After he emptied the first can, he turned on the rest. Each one was a little harder to pull away from the plastic rings than the last. In the end, he had six empty cans and a sink that stank of cheap beer. He shook his head at his folly and then walked to the phone. After all these years, he still knew the number by heart.
"Hello?" came a woman's voice from the receiver.
"Rosa," stated Bryce.
"Who is this?"
"You tell me. You're supposed to be the fortune teller."
"I stopped doing that years ago, Larry."
"Lawrence," he corrected. "Or just Bryce. Never Larry."
"What do you want Larry?"
"Have you watched the news lately?"
A long pause on the other end of the line. Bryce rubbed his finger across a tear in his wallpaper.

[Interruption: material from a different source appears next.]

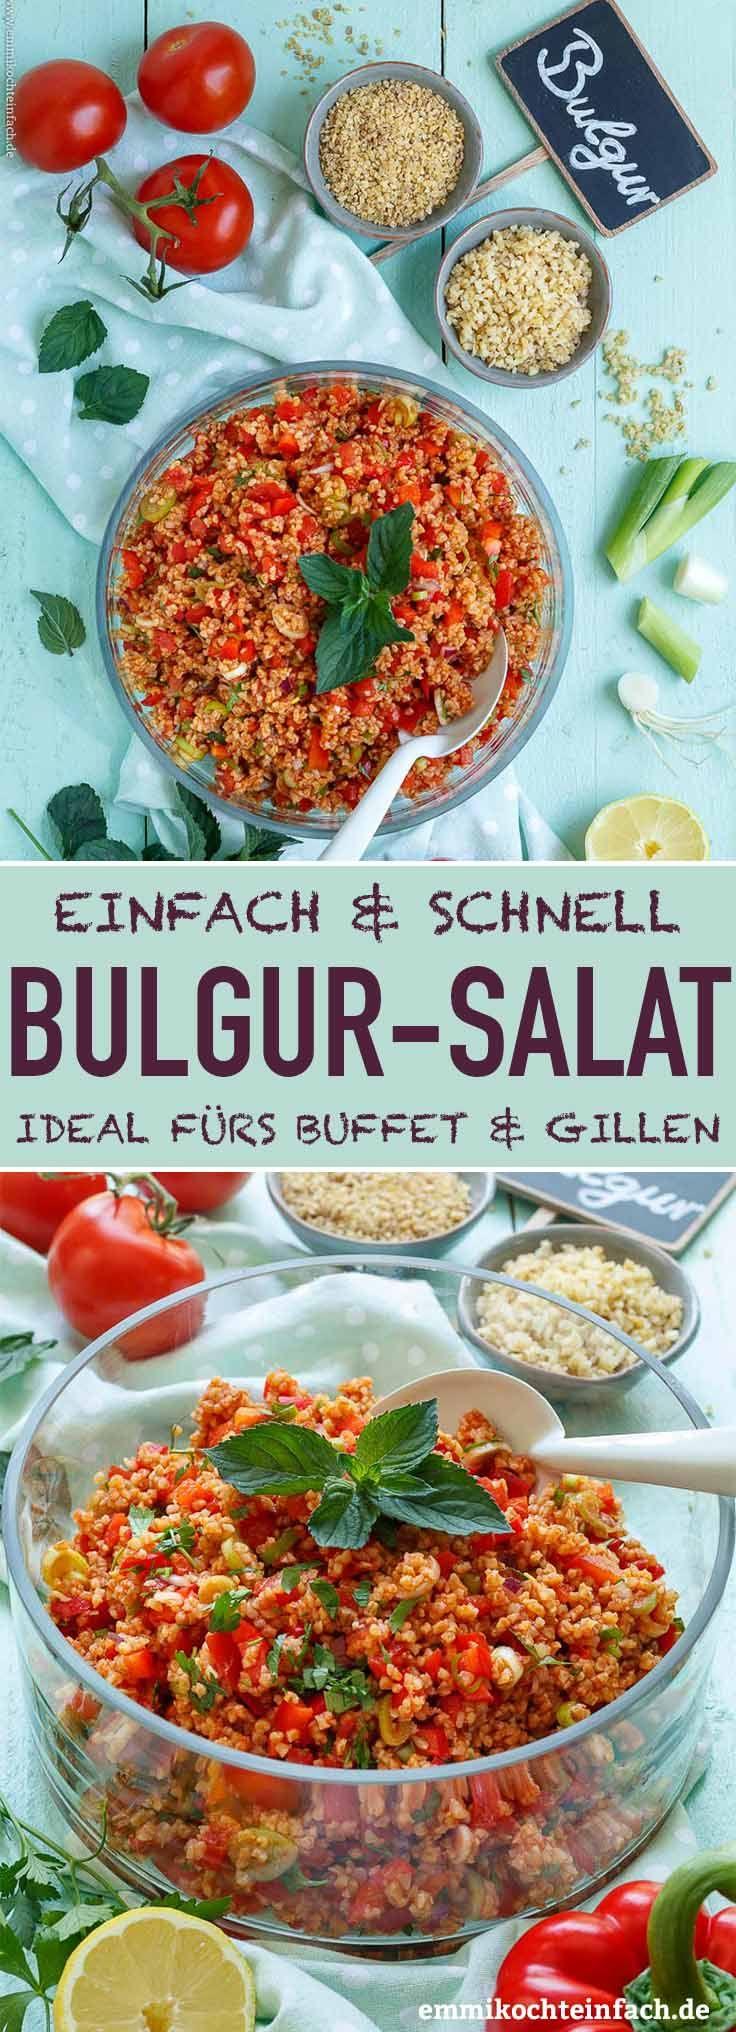 Schneller und einfacher Bulgursalat – emmikochteinfach – einfache Rezepte: Kochen, Backen für Familie und Alltag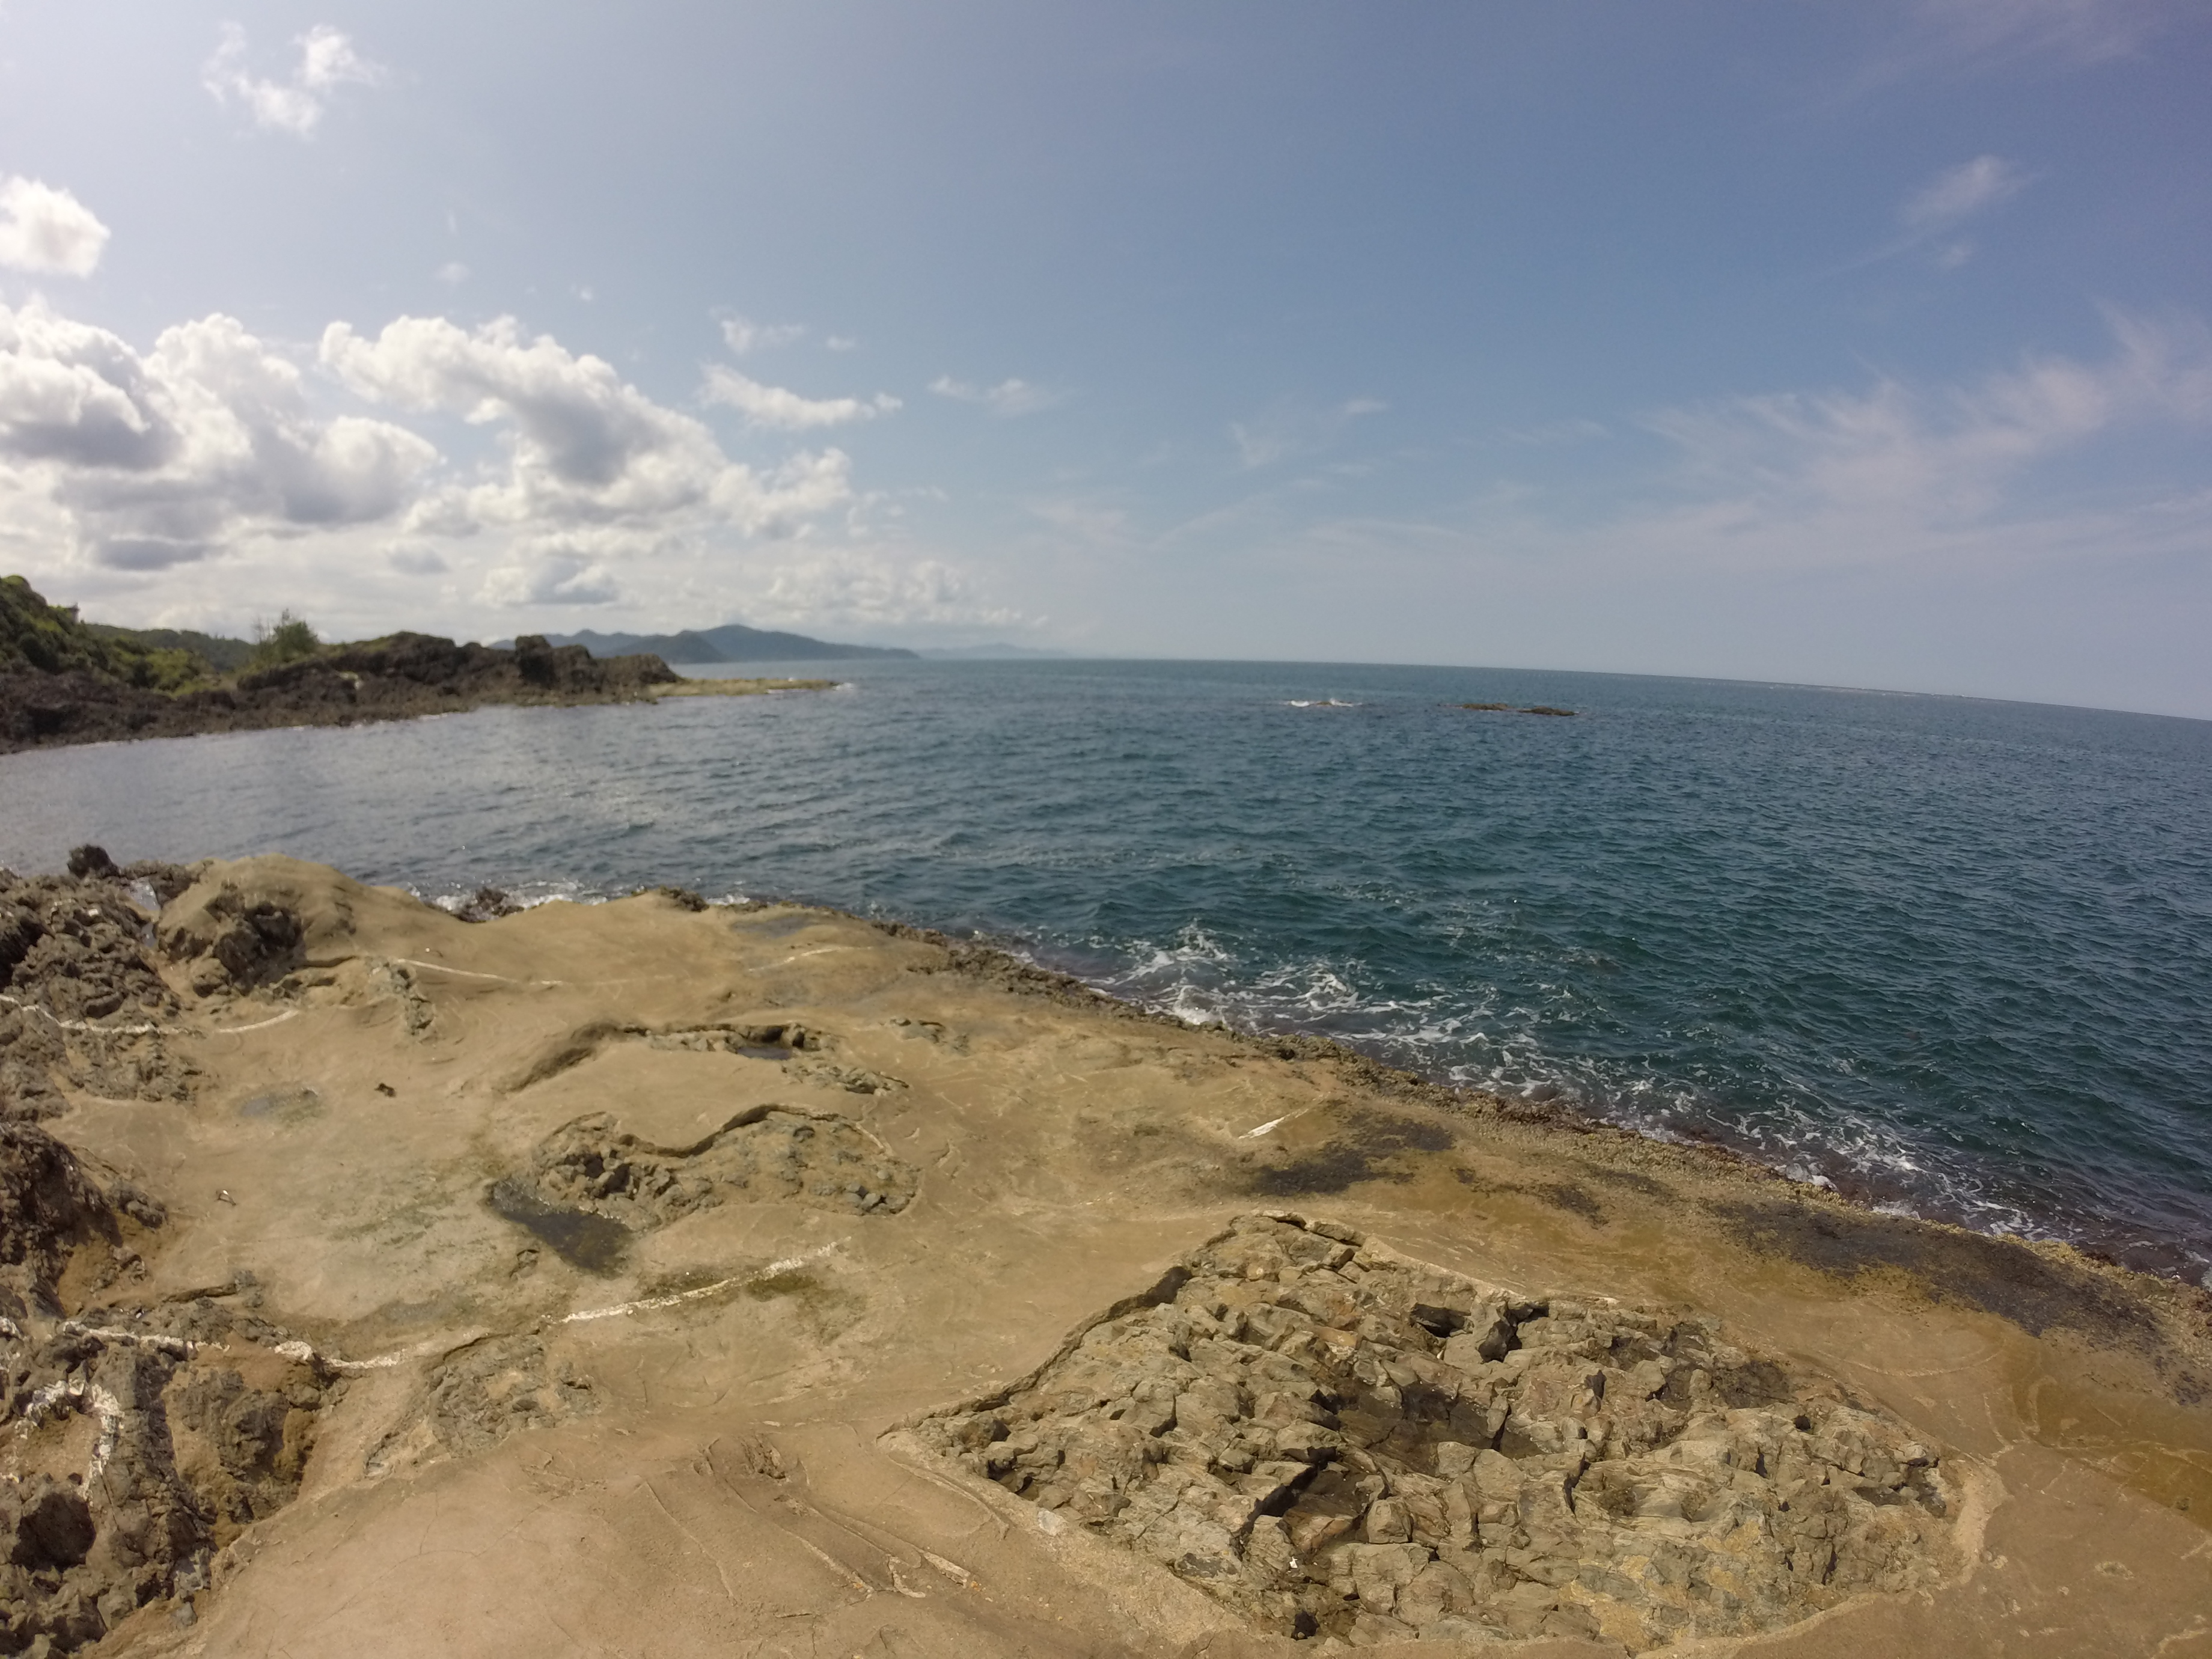 砂方ワニガブチの釣り場紹介、京都丹後のエギングとショアジギングにオススメの手軽な1級地磯

"No," she said, hardly convincingly. "What happened? Have you won some prize money and come to whisk me off to some tropical getaway? I always knew you had a thing for me."
"What have they said about the killings? Has anyone made the connection and thrown out the name yet?"
"What do you want, Detective Bryce?"
"What's with the formality all of a sudden? A moment ago it was just Larry."
"I get a little bitchy when someone starts to interrogate me."
"I need to talk to you about Alfred Weir. And about Tobias McIntyre."
"Last I knew, your investigation was closed."
"The pieces never added up completely. You were always holding back, and because of that an innocent man died."
"Innocent men don't confess."
"I have some questions about that, too."
"I don't have answers." The line went dead as Rosa hung up. Bryce shrugged and replaced the phone in its cradle.
Three years after Al's execution, DNA evidence from one of thirty-six victims cleared him. Bryce had gone to his first Alcoholics Anonymous meeting that week. Too late to keep himself out of divorce and child support. Too late to save a good man who wanted to become a villain. And too late to catch the real killer.
"They made it all the way to Shelley's bedroom," he mused out loud. "You knew they were coming, but they managed to get seconds away from putting a bullet to her. Are you rusty? Are you slow? Or are you just like me and getting old?"
Whatever the reasons, Bryce had a case to revisit. Mack the Knife, the Guardian Murderer, whatever people wanted to dub him. Rosa wouldn't wait around her home for him to show up with a badge and a series of questions, but he didn't worry about that. He knew where she would go to hide. The same place the killer had once hidden, right under his nose.